When LSU’s junior running back Clyde Edwards-Helaire isn’t making defenders miss tackles or picking up key blocks in pass protection on the football field, he spends his time hunting in Louisiana’s marshes.
Edwards-Helaire wasn’t able to go dove hunting, the season of which lasts from Sept. 7 to Sept. 15 before reopening in October, so there was no way he was going to miss the opening weekend of teal season – duck hunting for those who don’t know.
The only problem – teal season opened on Sept. 14, the same day as LSU’s 65-14 win over Northwestern State.
The solution: Drive to Venice, Louisiana, aptly named “The End of the World,” immediately after the game.
Edwards-Helaire said he went home, changed and grabbed his already packed bags before hitting the road to Venice, which sits on the west bank of the Mississippi River where the river meets the Gulf of Mexico.

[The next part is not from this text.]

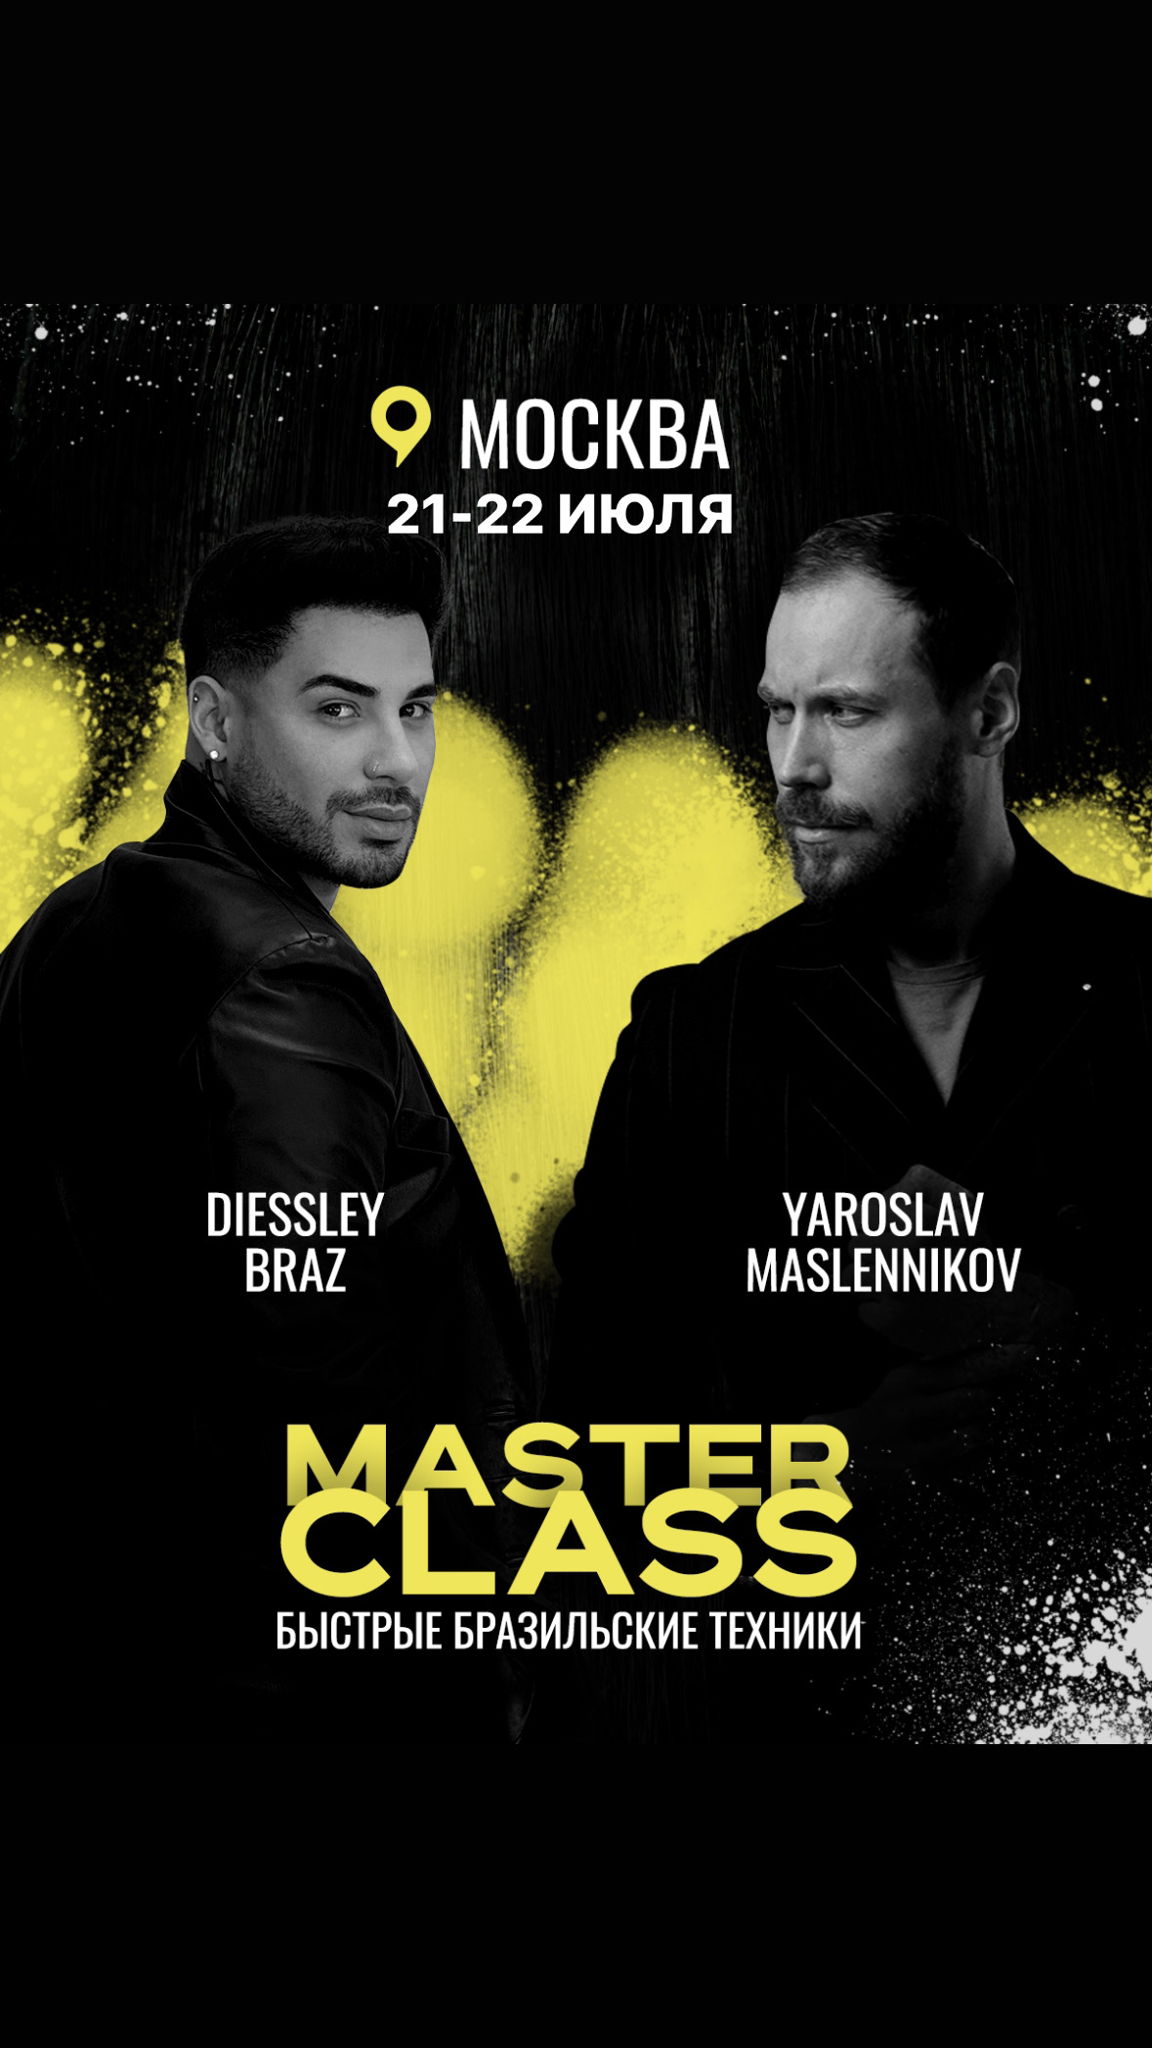 Мастер класс DIESSLEY BRAZ & YAROSLAV MASLENNIKOV «Быстрые бразильские техники»
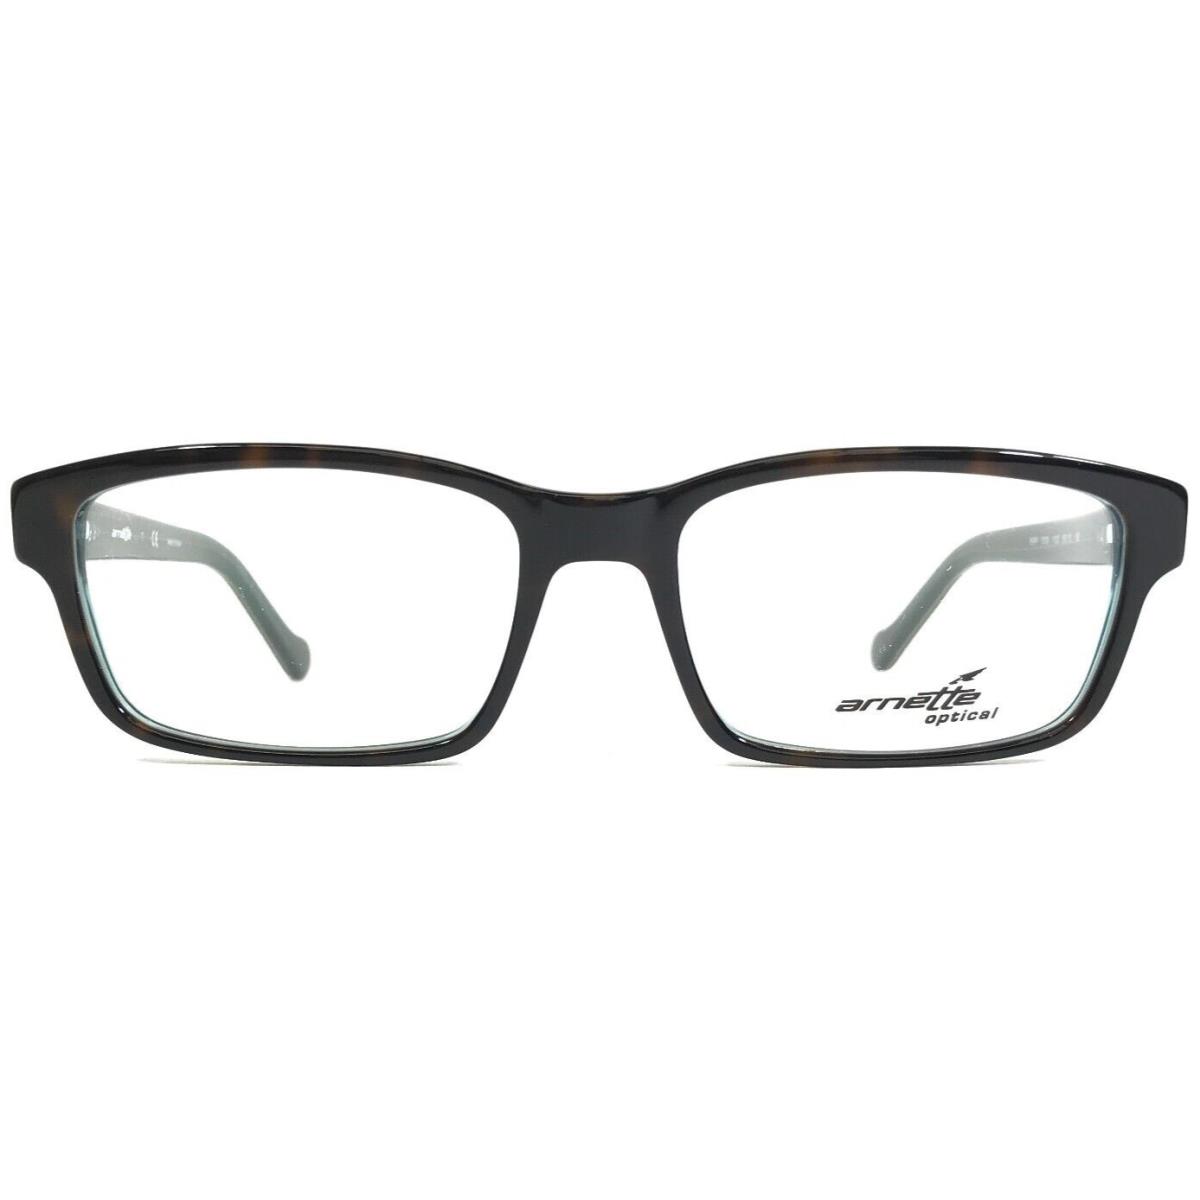 Arnette Eyeglasses Frames Riff 7079 1103 Green Brown Tortoise 55-18-145

“We drove to Venice, two-and-a-half-hours,” said Edwards-Helaire, who was fresh off rushing for 50 yards and two touchdowns on 13 carries. “[I] Slept 30 minutes and was right back hunting, and I stayed up the whole day. I was good, but that’s something I’m always ready for especially growing up hunting and what not. It’s just second nature.”
The Baton Rouge native said his group hit the seven-man limit of 42 ducks before heading home.
But while Edwards-Helaire was isolated in Venice, people 150 miles northwest in Baton Rouge were trying to figure what was wrong with LSU’s running game. The passing game excelled and shattered records, but the run game as a whole failed to crack four yards per carry in LSU’s first three games.
Even though Edwards-Helaire was having individual success, rushing for 87 yards and a touchdown on 15 carries against Texas and averaging 4.9 yards per carry through LSU’s first three games, he didn’t crack 100 yards in any of LSU’s first three games.
It was the first time since 2009 LSU went without a 100-yard rusher in its first three games.
Then came Vanderbilt.
Edwards-Helaire rushed for 106 yards and a touchdown, and LSU totaled 181 yards on 36 carries, a 5.0 average per carry.
“We need a 100-yard rusher – this is LSU,” said LSU head coach Ed Orgeron, calling the win over Vanderbilt a jumping off point for the rushing attack. “We need to run the football, we need to be more balanced. There are going to be a couple times where we are going to have to run the football, and we need to make improvement in that area.”
For Edwards-Helaire the focus had been on winning games, not rushing for 100 yards. He said the achievement was “pretty cool,” but it wasn’t groundbreaking for LSU. It’s something he knew they could accomplish.
“Everybody can have their opinions on it,” Edwards-Helaire said. “People who always like seeing LSU run up and down the field as far running the ball – they probably got a little excited as far as a 100-yard game. Everybody’s goal now, especially on this team, is to win.”
One for LSU’s lower numbers rushing the ball was the switch in the offense. Edwards-Helaire said pretty much everything LSU runs is a run-pass option, and the Tigers weren’t sure what the results would be until they began playing live games.
The win against Vanderbilt and the addition of sophomore offensive lineman Ed Ingram returning to the team has given LSU even more confidence. After the offensive line struggled in 2018, senior quarterback Joe Burrow called the group the most improved on the team this summer, and Edwards-Helaire feels they’re the best offensive line in the Southeastern Conference.
“If those guys feel that way, and know they are, then everybody else around us feels that way,” Edwards-Helaire said. “It’s a great group of guys to be around. They always help me up off the ground, help Joe up off the ground. In any situation they’re always there. My goal is to make them look good if everybody else is doing their job.”
And if the offensive line keeps making Edwards-Helaire look good, maybe he’ll take them on the two-and-a-half-hour trip to the end of the world to hunt some ducks.